While the volume of China’s exports is small compared to global giants such as New Zealand, the EU and the US, the shift is symbolically and strategically important. What was once the world’s most important buyer is now facing competition, especially in price-sensitive emerging markets. Major Chinese dairy companies such as Yili and Mengniu are actively expanding overseas, taking advantage of scale and competitive pricing to gain a foothold in new regions.
Global Waves: Prices, Competition and Strategy
China’s dairy pivot is causing a stir in global markets. First, excess Chinese supply is putting upward pressure on global milk powder prices, at a time when supplies from other exporters are also increasing. Analysts have warned of prolonged weak pricing, increasing instability for farmers around the world.
Second, competition is intensifying in the emerging markets of Asia, Africa and the Middle East – regions that were once growth engines for exporters from Oceania, Europe and the Americas. China’s geographical proximity, low logistics costs and aggressive pricing create new challenges for traditional suppliers.

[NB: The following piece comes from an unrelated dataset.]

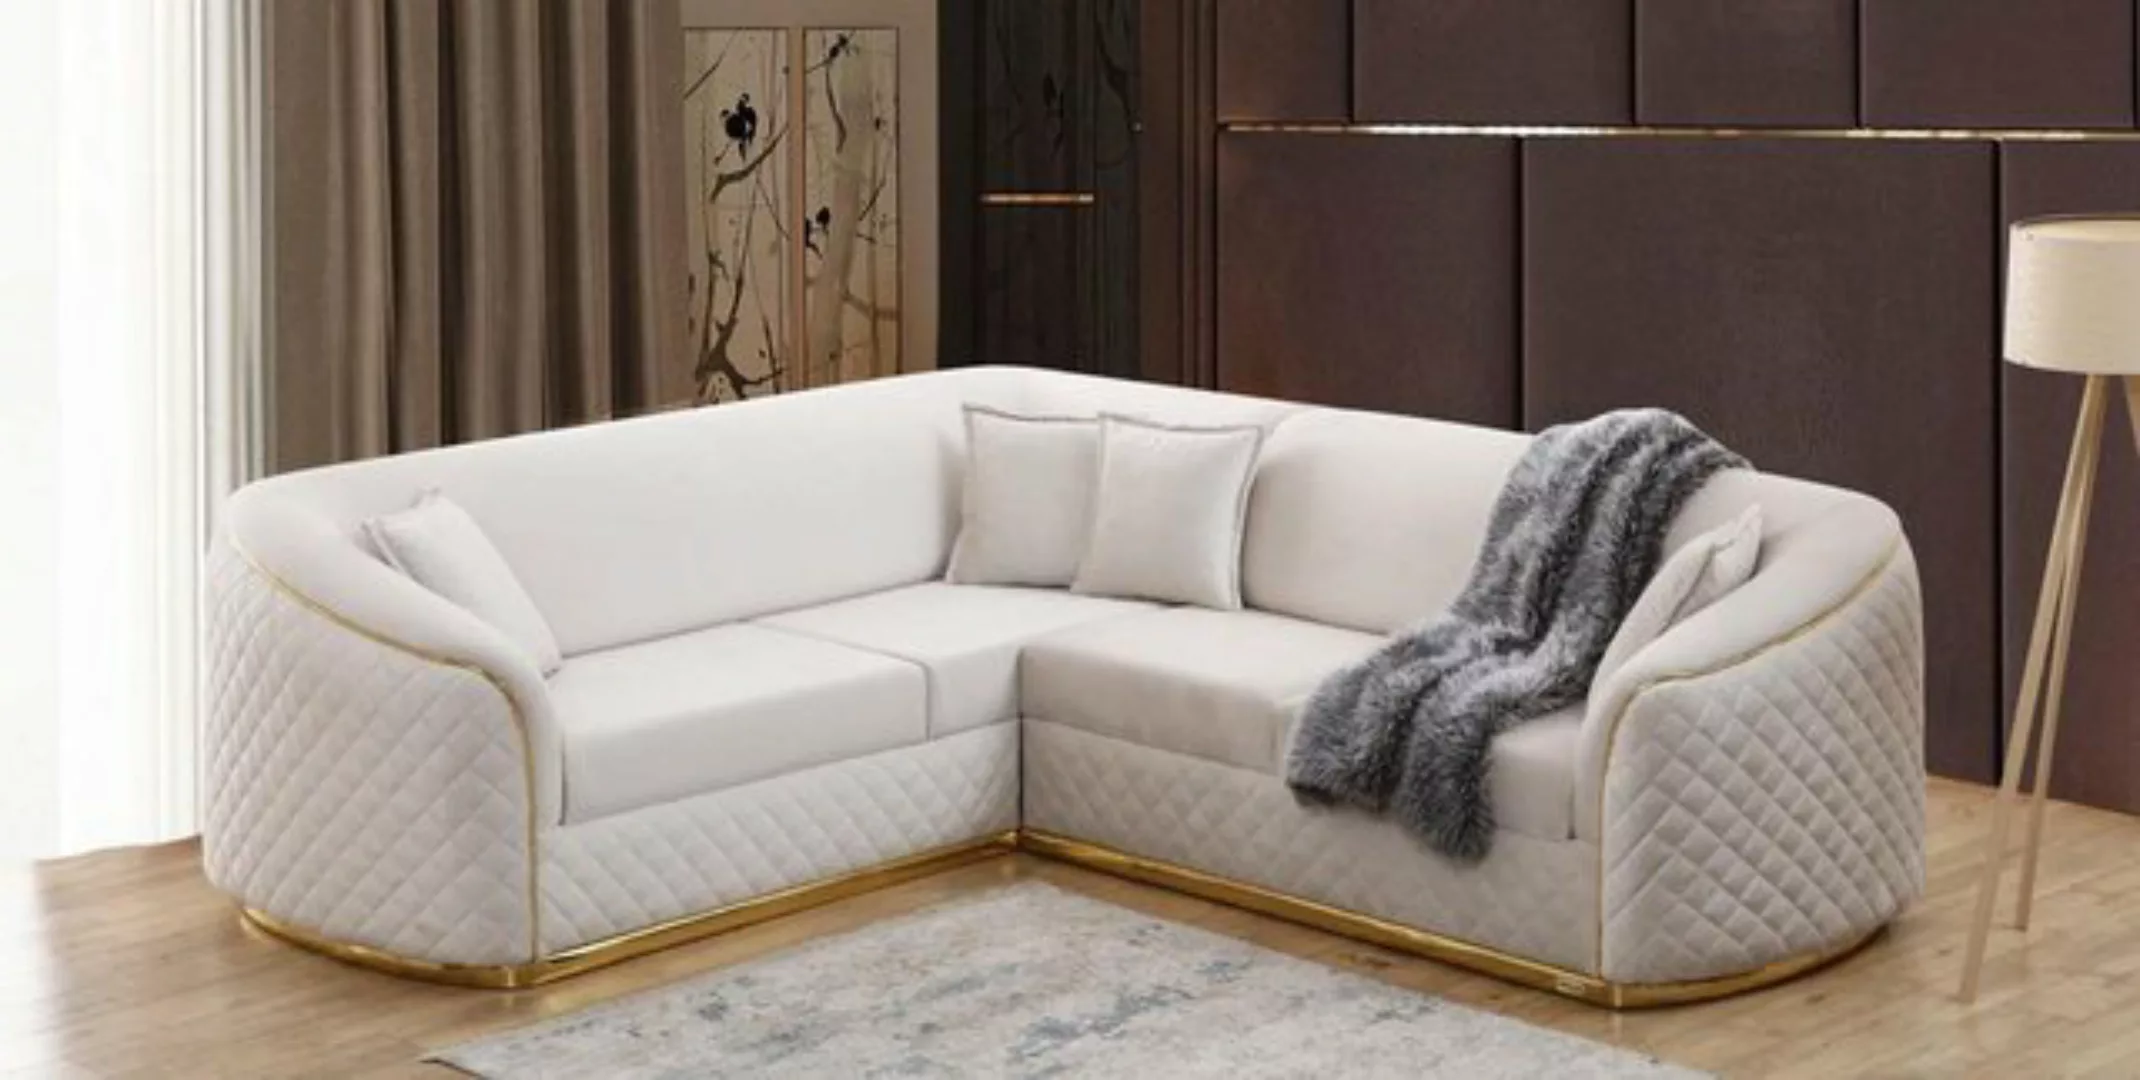 JVmoebel Ecksofa Design Eckcouch Wohnzimmer Eckgarnitur Sofa Couch Textil E günstig online kaufen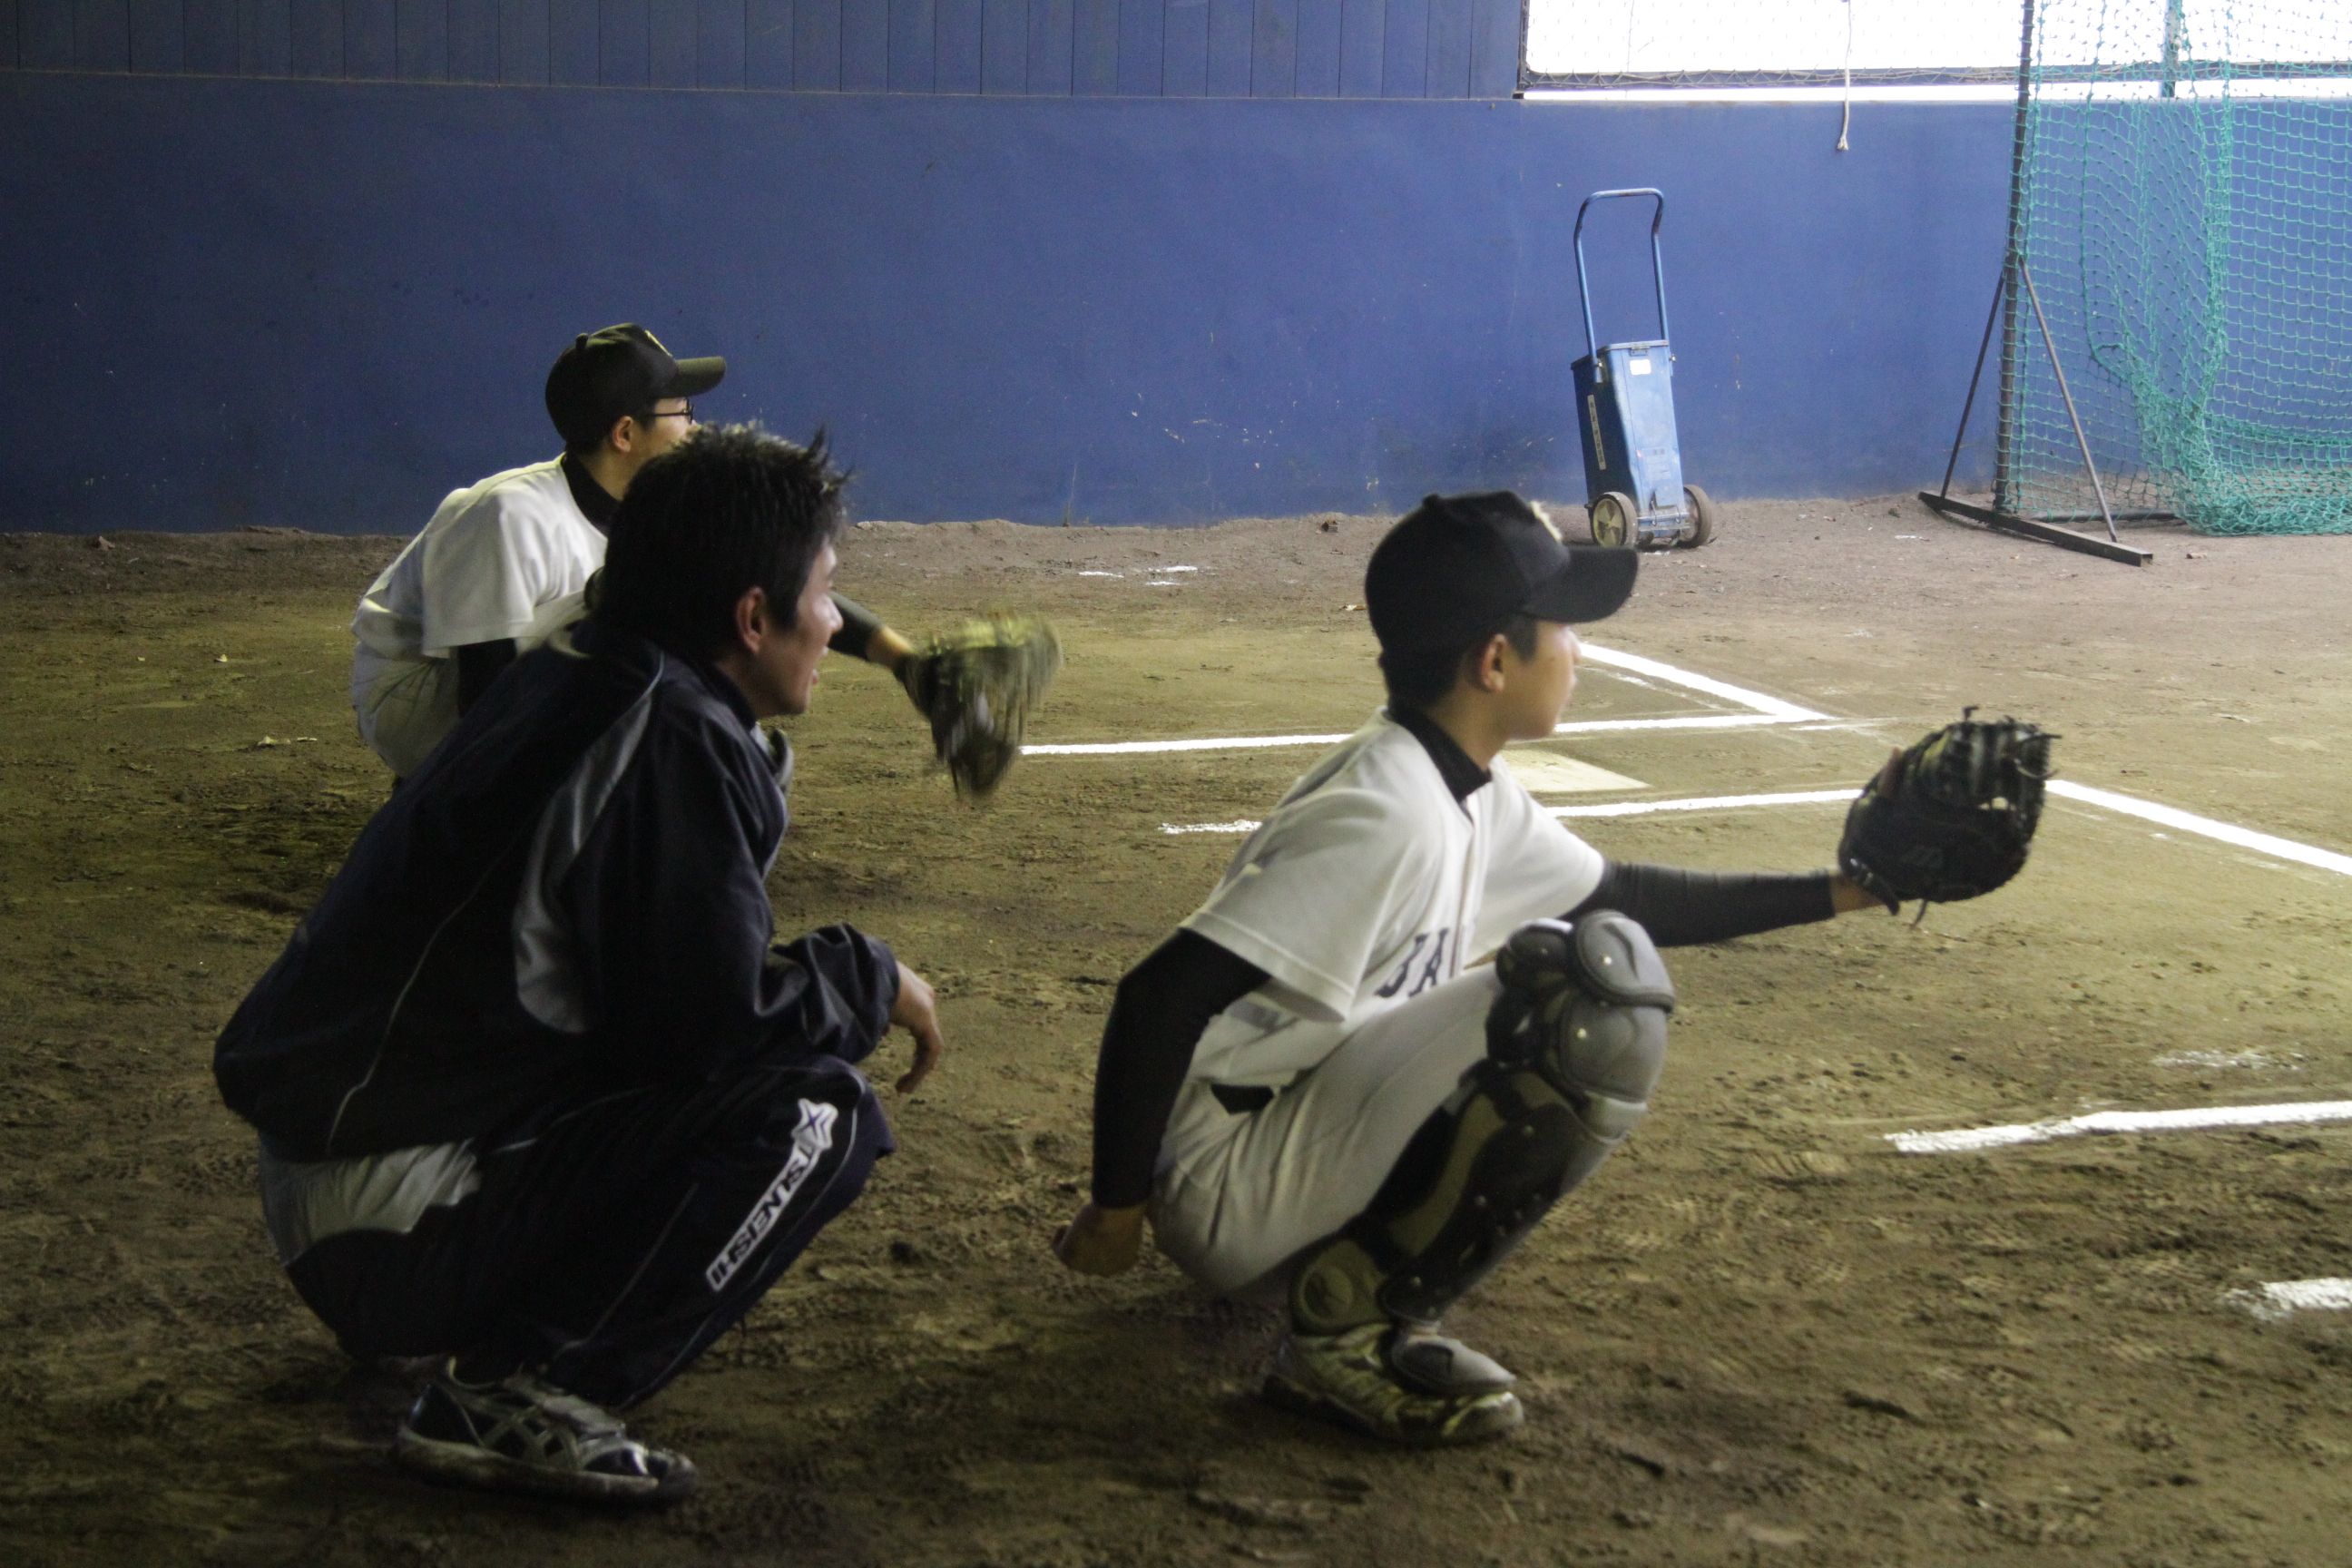 ツネイシ硬式野球部員による野球教室（キャッチャーへの指導）

Yet a paradox remains. While China has surplus liquid milk and powder, it is still dependent on imports for high-value dairy products such as specialty cheeses, butter and premium infant formula. Urban consumers continue to associate foreign brands with quality, safety and prestige, keeping these import segments relatively resilient. China’s dairy transformation marks a turning point – not just for its own farmers, but for the global dairy economy.
The change comes at a time when the United States and the European Union find themselves under pressure to push milk and other agricultural exports into global markets. Faced with domestic oversupply, climate-related cost pressures, and slowing consumption at home, both the US and the EU have stepped up efforts to secure market access to Asia, Africa and the Middle East through trade agreements and export incentives. In this crowded landscape, China’s emergence as an exporter is particularly significant: it is not only adding volume to global supply, but also competing directly with Western producers in the markets they are targeting for growth. Buyers that once absorbed surpluses from the US and Europe are now part of the competitive equation, complicating export strategies and increasing price pressures in global agricultural trade.